Content starts

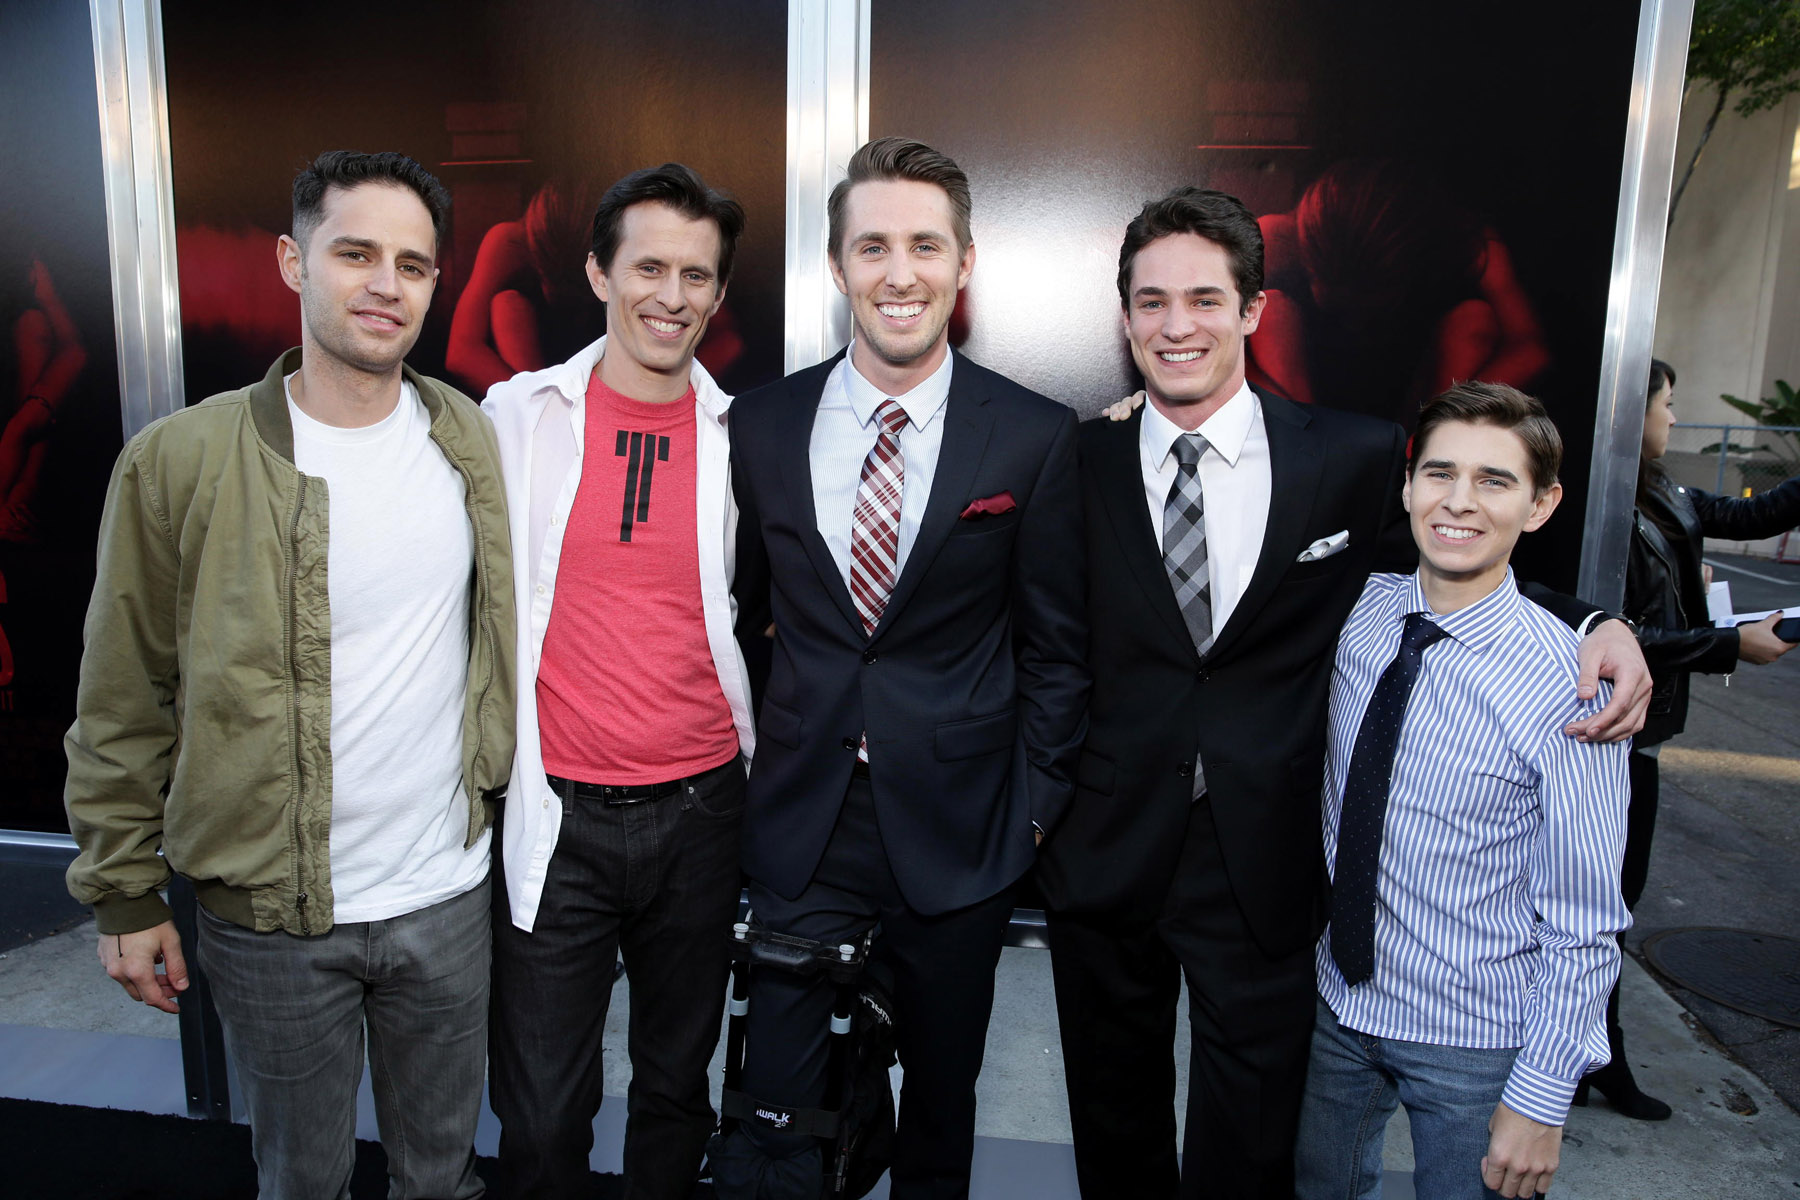 From Left, Dean Schnider, Travis Cluff, Ryan Shoos, Reese Mishler and Chris Lofing at The Gallows Hollywood Premiere
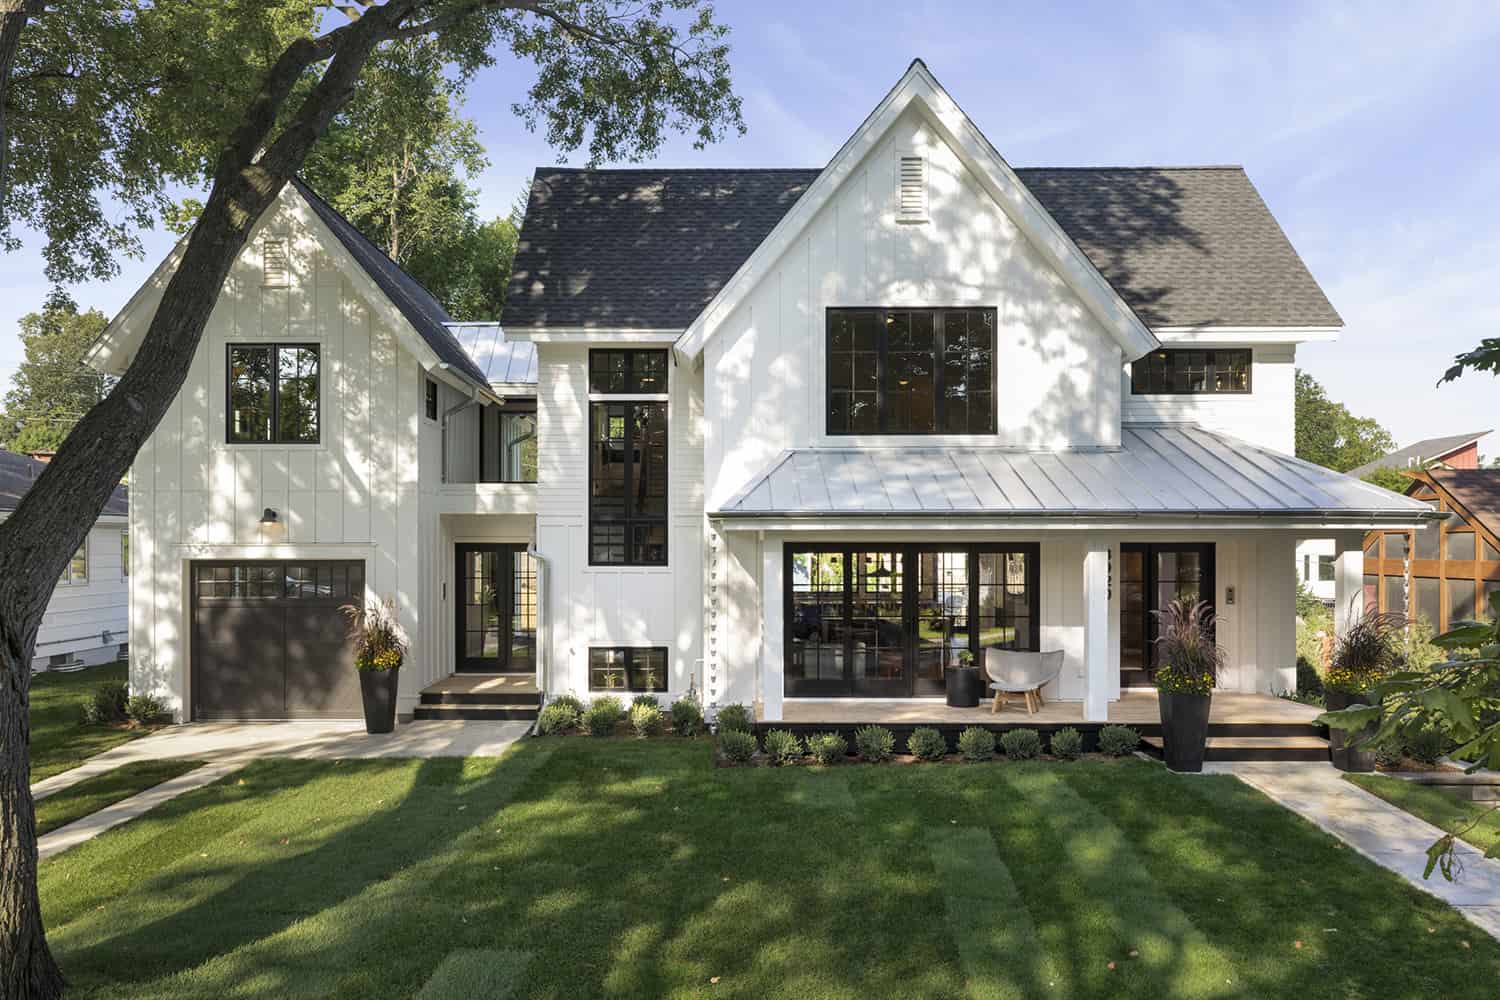 A stunning urban farmhouse gets a dose of universal design in Minnesota
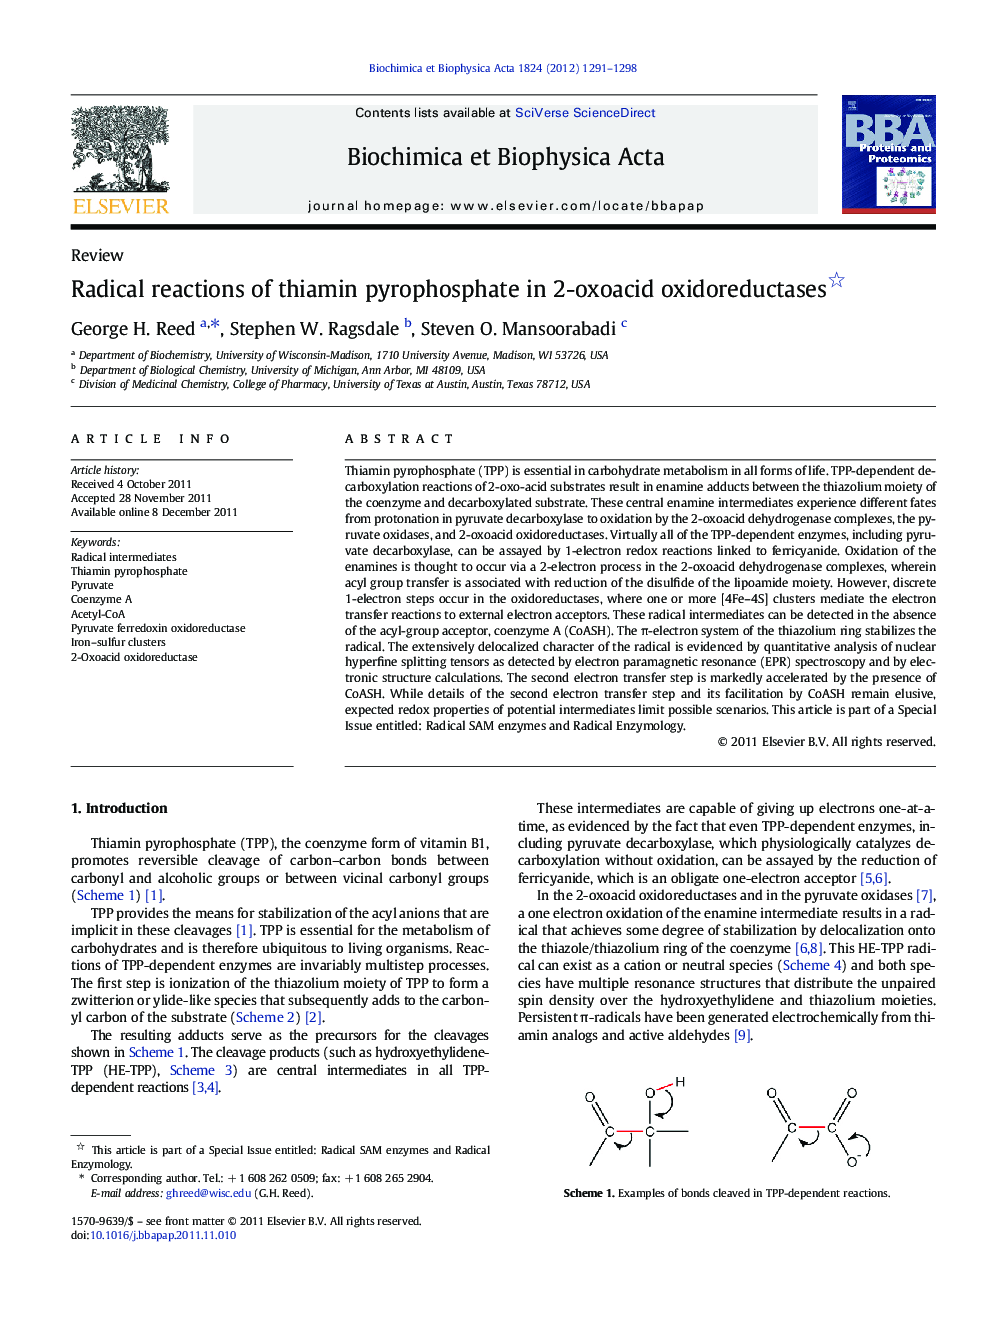 Radical reactions of thiamin pyrophosphate in 2-oxoacid oxidoreductases

Content ends

Task requirements:
Give back the full listing exactly as written, only without its pictures.

Result for this task:
 From Left, Dean Schnider, Travis Cluff, Ryan Shoos, Reese Mishler and Chris Lofing at The Gallows Hollywood Premiere
 A stunning urban farmhouse gets a dose of universal design in Minnesota
 Radical reactions of thiamin pyrophosphate in 2-oxoacid oxidoreductases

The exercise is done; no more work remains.